>>>

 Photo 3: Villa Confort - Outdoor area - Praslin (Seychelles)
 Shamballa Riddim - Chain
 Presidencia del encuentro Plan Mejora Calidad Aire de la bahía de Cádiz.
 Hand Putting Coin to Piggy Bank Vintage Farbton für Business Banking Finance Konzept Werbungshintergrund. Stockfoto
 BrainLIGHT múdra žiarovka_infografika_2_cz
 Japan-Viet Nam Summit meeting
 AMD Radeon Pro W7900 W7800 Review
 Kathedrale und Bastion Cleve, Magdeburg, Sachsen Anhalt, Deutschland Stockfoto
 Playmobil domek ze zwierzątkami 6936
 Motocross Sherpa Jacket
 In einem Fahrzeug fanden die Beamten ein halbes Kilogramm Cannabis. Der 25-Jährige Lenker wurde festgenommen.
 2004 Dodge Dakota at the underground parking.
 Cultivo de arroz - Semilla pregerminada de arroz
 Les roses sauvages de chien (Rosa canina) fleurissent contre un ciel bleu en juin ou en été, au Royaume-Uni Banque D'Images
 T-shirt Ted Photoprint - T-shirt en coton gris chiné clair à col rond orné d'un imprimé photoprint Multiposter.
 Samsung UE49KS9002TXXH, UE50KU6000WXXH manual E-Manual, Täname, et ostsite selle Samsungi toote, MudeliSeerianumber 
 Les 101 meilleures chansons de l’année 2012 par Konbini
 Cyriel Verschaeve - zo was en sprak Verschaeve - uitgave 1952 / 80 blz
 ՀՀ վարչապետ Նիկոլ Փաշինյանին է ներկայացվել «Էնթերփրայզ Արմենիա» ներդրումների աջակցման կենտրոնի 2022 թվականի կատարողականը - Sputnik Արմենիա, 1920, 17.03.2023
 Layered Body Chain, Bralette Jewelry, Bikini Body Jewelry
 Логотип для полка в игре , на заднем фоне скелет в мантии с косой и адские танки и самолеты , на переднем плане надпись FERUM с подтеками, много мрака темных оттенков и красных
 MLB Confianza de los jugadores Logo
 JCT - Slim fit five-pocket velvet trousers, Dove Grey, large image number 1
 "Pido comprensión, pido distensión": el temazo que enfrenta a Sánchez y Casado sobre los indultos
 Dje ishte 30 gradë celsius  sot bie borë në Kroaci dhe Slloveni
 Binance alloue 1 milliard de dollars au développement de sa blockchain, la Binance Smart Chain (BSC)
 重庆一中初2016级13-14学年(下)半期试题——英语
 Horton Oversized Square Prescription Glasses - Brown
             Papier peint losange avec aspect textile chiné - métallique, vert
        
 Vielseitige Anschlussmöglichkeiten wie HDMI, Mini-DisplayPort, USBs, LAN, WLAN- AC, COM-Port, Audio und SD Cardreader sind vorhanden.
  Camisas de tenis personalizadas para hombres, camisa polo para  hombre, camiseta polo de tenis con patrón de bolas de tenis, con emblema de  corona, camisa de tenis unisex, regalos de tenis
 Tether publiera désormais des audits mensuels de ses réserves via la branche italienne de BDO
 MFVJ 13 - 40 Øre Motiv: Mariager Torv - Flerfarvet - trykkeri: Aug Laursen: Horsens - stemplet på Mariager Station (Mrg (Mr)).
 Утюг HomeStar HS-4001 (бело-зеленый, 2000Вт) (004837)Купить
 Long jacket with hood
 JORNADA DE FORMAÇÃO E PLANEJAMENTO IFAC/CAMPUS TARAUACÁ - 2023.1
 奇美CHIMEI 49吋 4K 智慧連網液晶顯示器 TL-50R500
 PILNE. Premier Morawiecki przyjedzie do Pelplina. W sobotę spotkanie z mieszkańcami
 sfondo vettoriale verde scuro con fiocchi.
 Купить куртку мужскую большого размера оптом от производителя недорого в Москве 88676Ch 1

<<<

• [Problem description]
Please reproduce exactly the lines above, beginning with the first and ending with the line that contains "BrainLIGHT múdra žiarovka_infografika_2_cz", and include nothing outside that range.

• [Solution to the problem]
 Photo 3: Villa Confort - Outdoor area - Praslin (Seychelles)
 Shamballa Riddim - Chain
 Presidencia del encuentro Plan Mejora Calidad Aire de la bahía de Cádiz.
 Hand Putting Coin to Piggy Bank Vintage Farbton für Business Banking Finance Konzept Werbungshintergrund. Stockfoto
 BrainLIGHT múdra žiarovka_infografika_2_cz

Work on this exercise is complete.